Let the length of the table be a, then b, and b=2a. The elements in the original table[I] are rehashed into newTable[I] and newTable[I +a]. So, this reduces the amount of computation and movement.

5.2 capacity

With that out of the way, we can view the expansion operations directly from the HashMap source code.

But because the relevant source code is quite long, I made relevant cuts.

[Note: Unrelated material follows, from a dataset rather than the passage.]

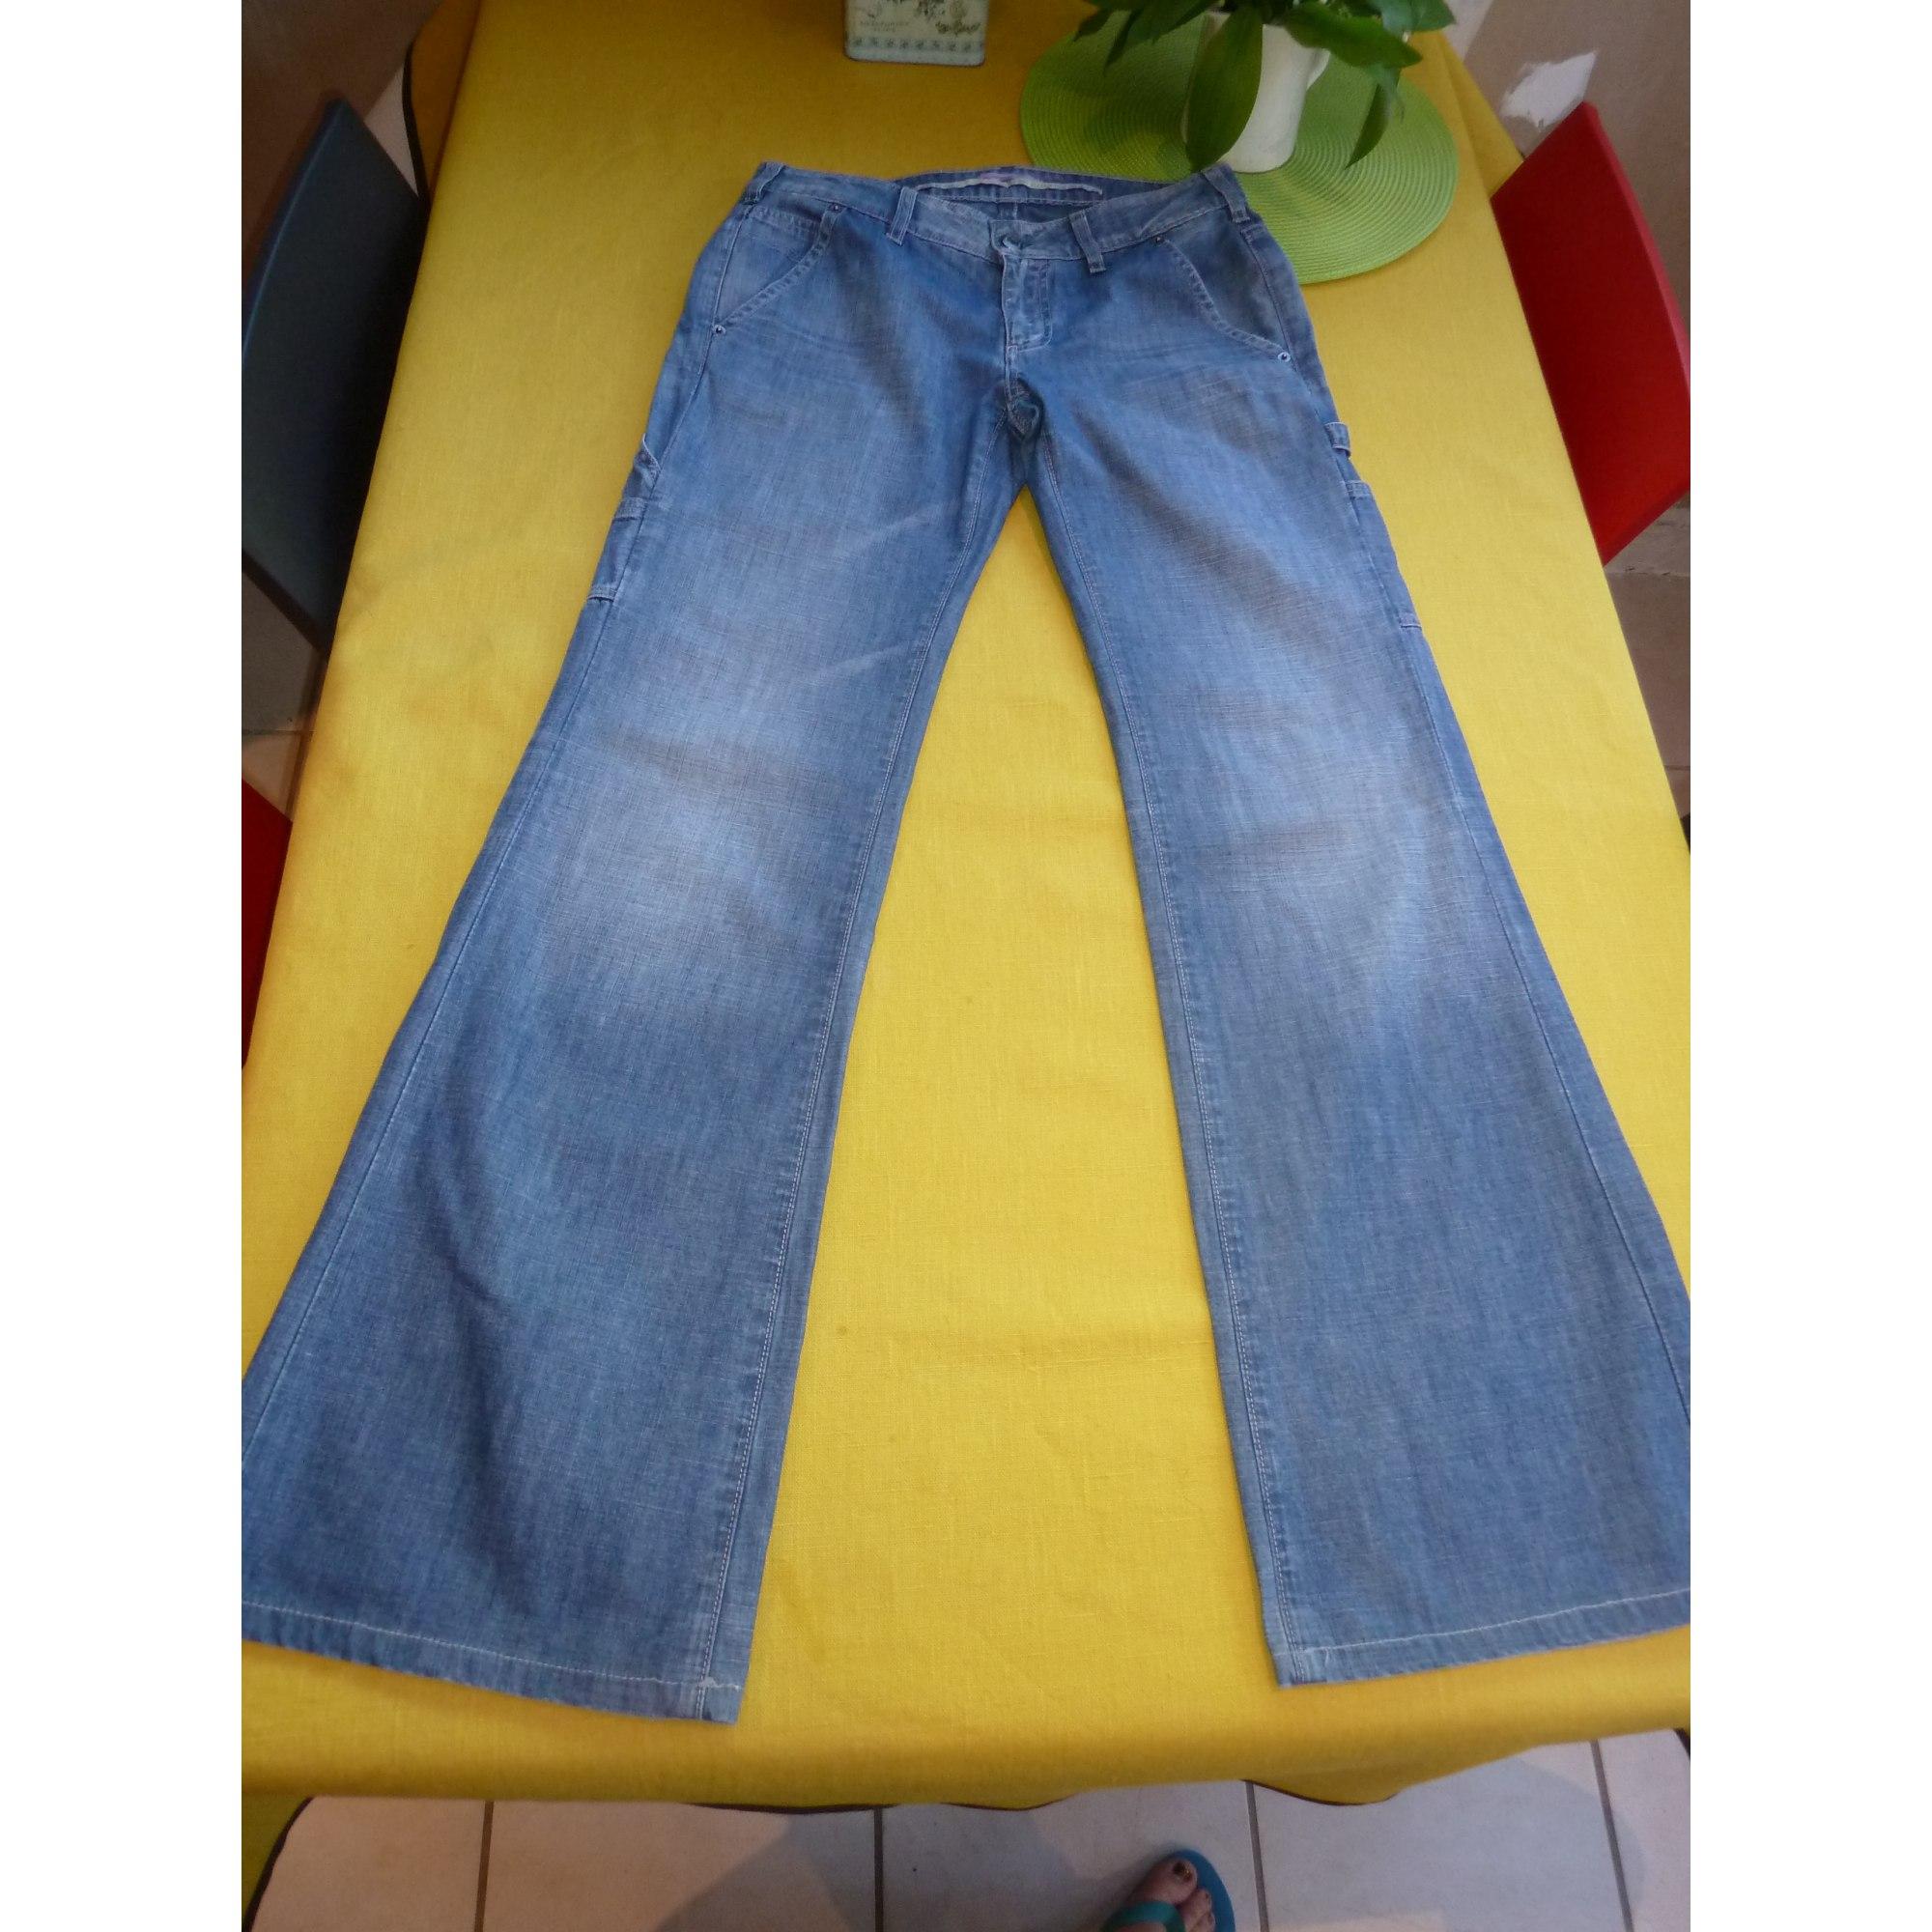 Jeans large, boyfriend VANESSA BRUNO Bleu, bleu marine, bleu turquoise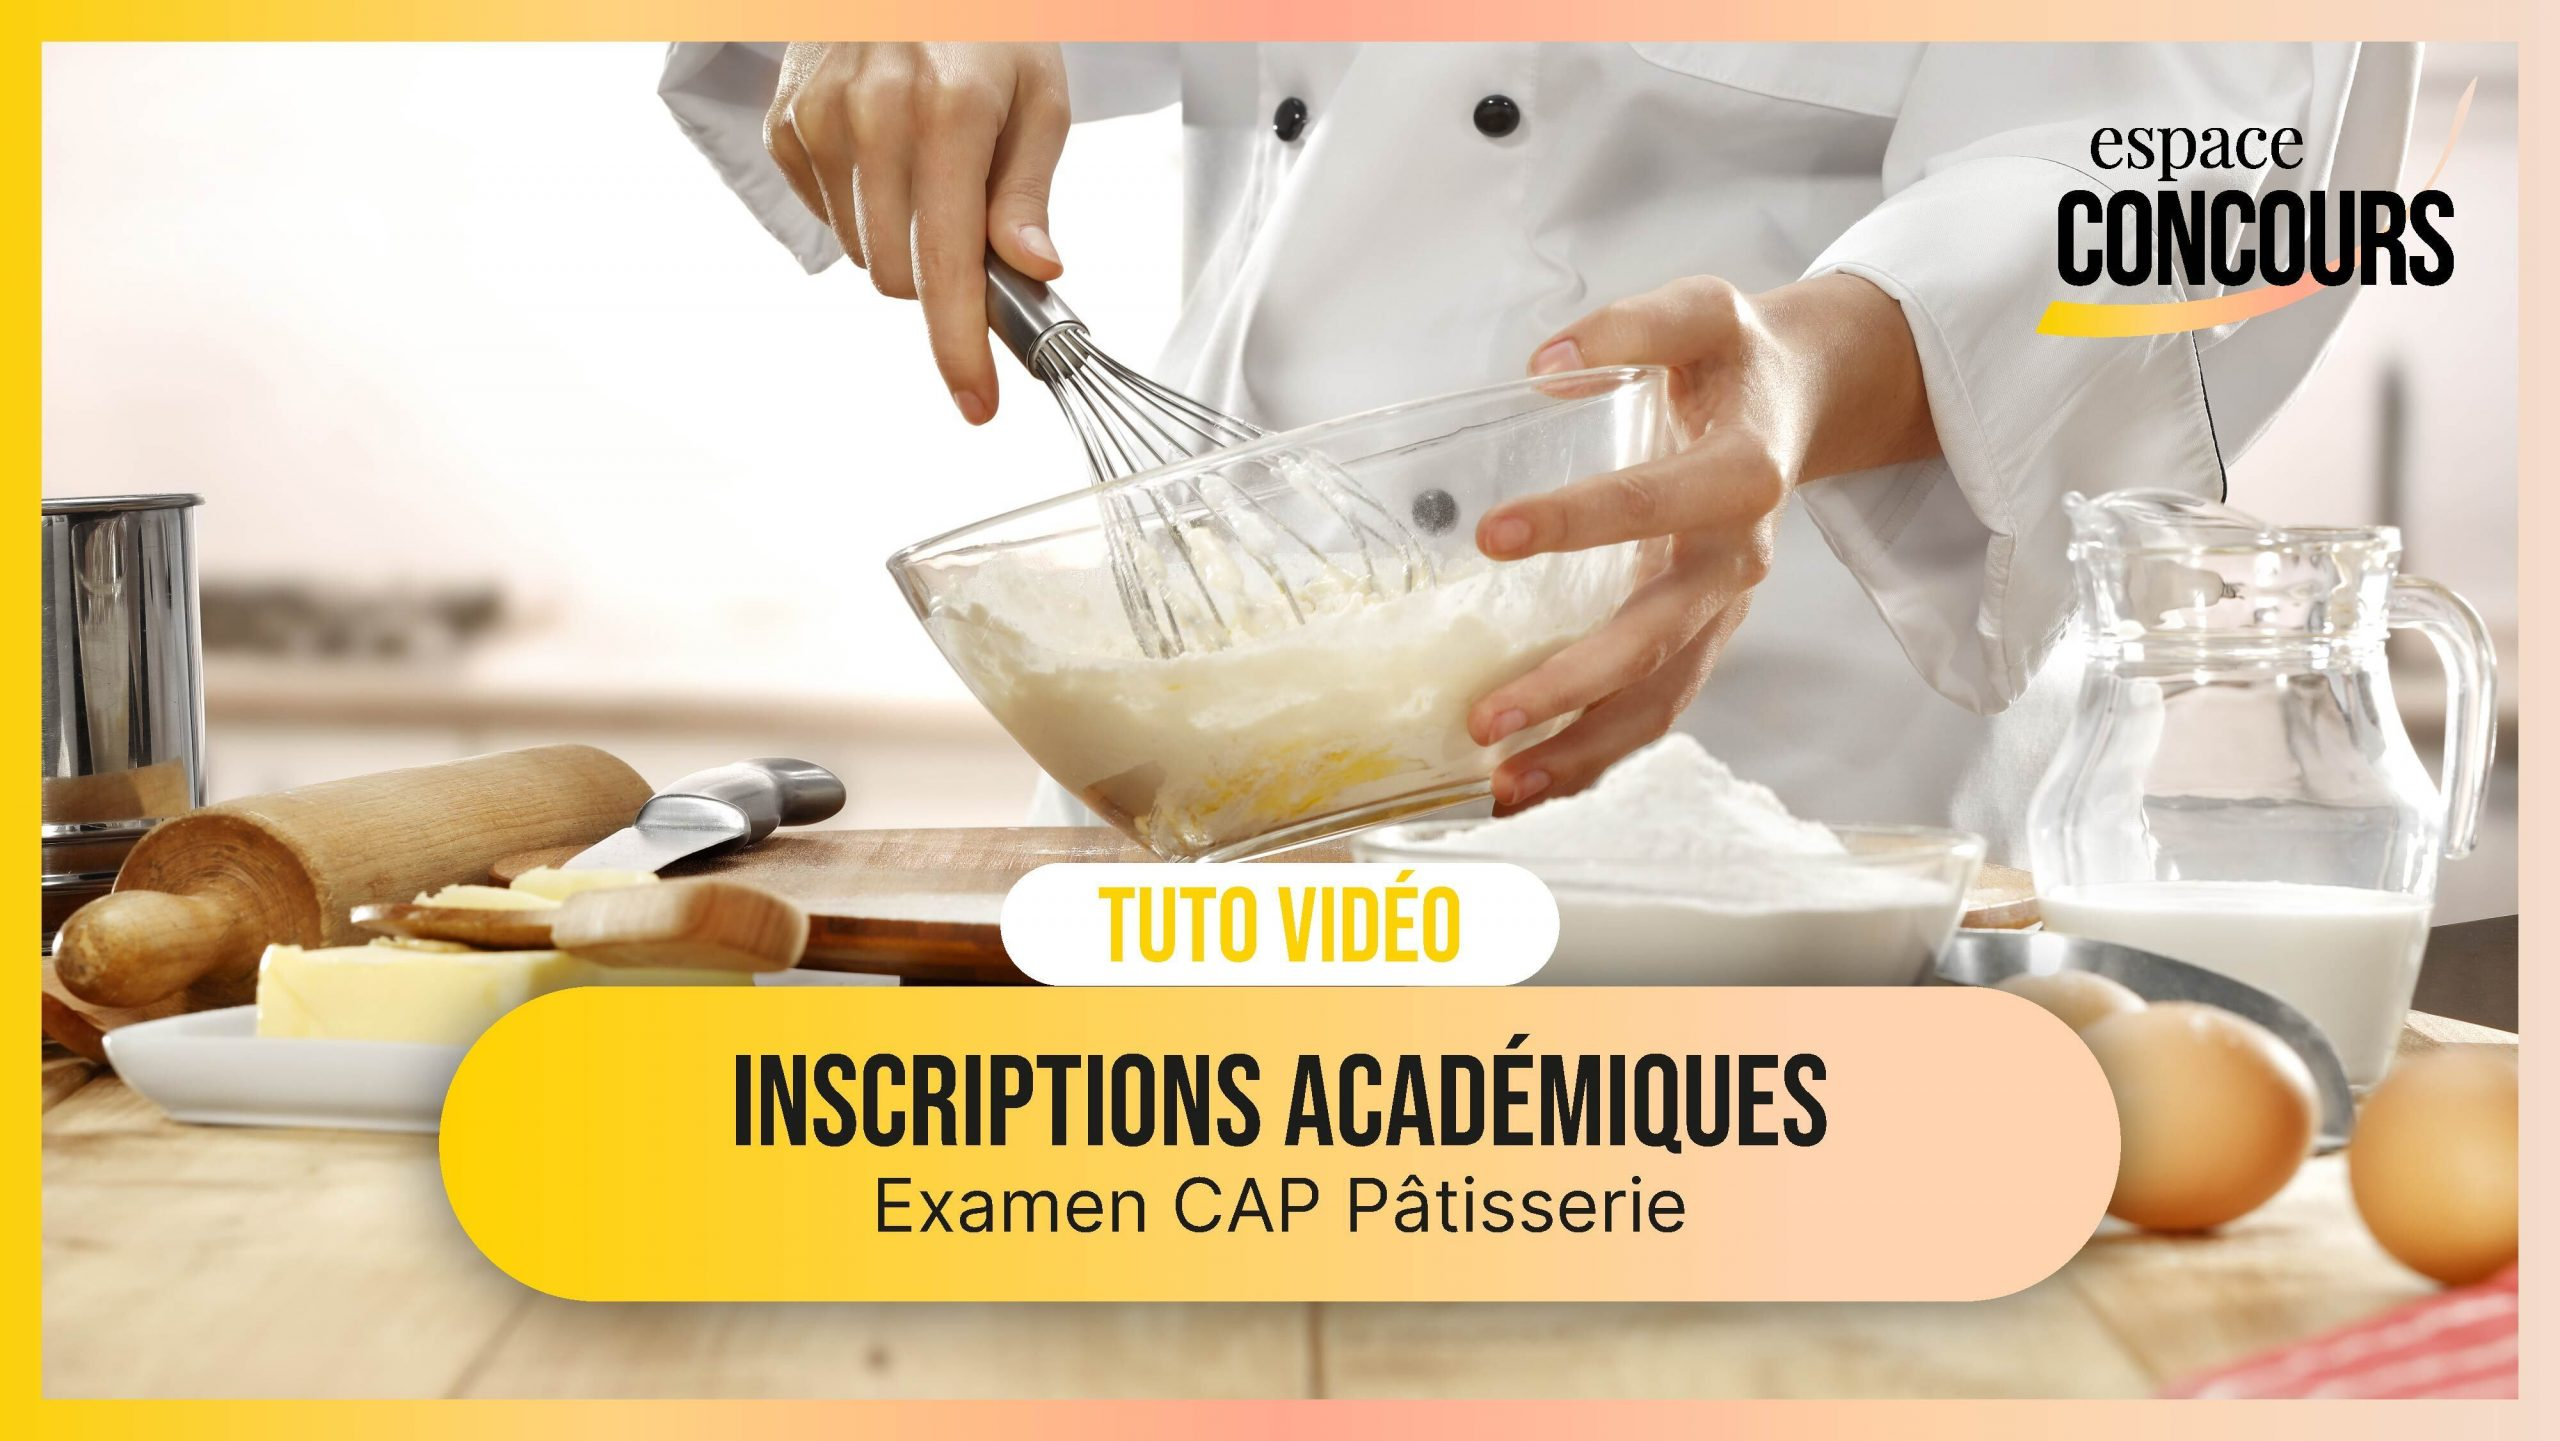 Vidéo Tuto – Les inscriptions Académiques Examen CAP Pâtisserie

final Node<K,V>[] resize() { Node<K,V>[] oldTab = table; int oldCap = (oldTab == null) ? 0 : oldTab.length; int oldThr = threshold; int newCap, newThr = 0; If (oldCap > 0) {if (oldCap >= MAXIMUM_CAPACITY) {// If the length is too long, no extension is performed. Threshold = integer.max_value; return oldTab; } else if ((newCap = oldCap << 1) < MAXIMUM_CAPACITY && oldCap >= DEFAULT_INITIAL_CAPACITY) NewThr = oldThr << 1; newThr = oldThr << 1; // double threshold } else if (oldThr > 0) // initial capacity was placed in threshold newCap = oldThr; else { // zero initial threshold signifies using defaults newCap = DEFAULT_INITIAL_CAPACITY; newThr = (int)(DEFAULT_LOAD_FACTOR * DEFAULT_INITIAL_CAPACITY); } if (newThr == 0) { float ft = (float)newCap * loadFactor; newThr = (newCap < MAXIMUM_CAPACITY && ft < (float)MAXIMUM_CAPACITY ? (int)ft : Integer.MAX_VALUE); } threshold = newThr; // Create a new array @SuppressWarnings({"rawtypes","unchecked"}) Node<K,V>[] newTab = (Node<K,V>[])new Node[newCap]; table = newTab; if (oldTab ! For (int j = 0; j < oldCap; ++j) { Node<K,V> e; if ((e = oldTab[j]) ! = null) { oldTab[j] = null; if (e.next == null) newTab[e.hash & (newCap - 1)] = e; Else if (e instanceof TreeNode) // Tree element hash ((TreeNode<K,V>)e).split(this, newTab, j, oldCap); Else {// preserve order // omitted: list element rehash}}}} return newTab; }Copy the code

6 summarizes

HashMap is a commonly used class in Java. In this paper, the structure and source code of HashMap are combed and analyzed in detail. Including HashMap data structure, data access, data write, capacity expansion and other methods.

In the following articles, we will introduce the source code for HashSet, HashTable, and ConcurrentHashMap and compare them with HashMap.

Finally, I am Yi Ge, senior software architect.

Welcome to follow me, I will occasionally share the knowledge of software architecture and programming.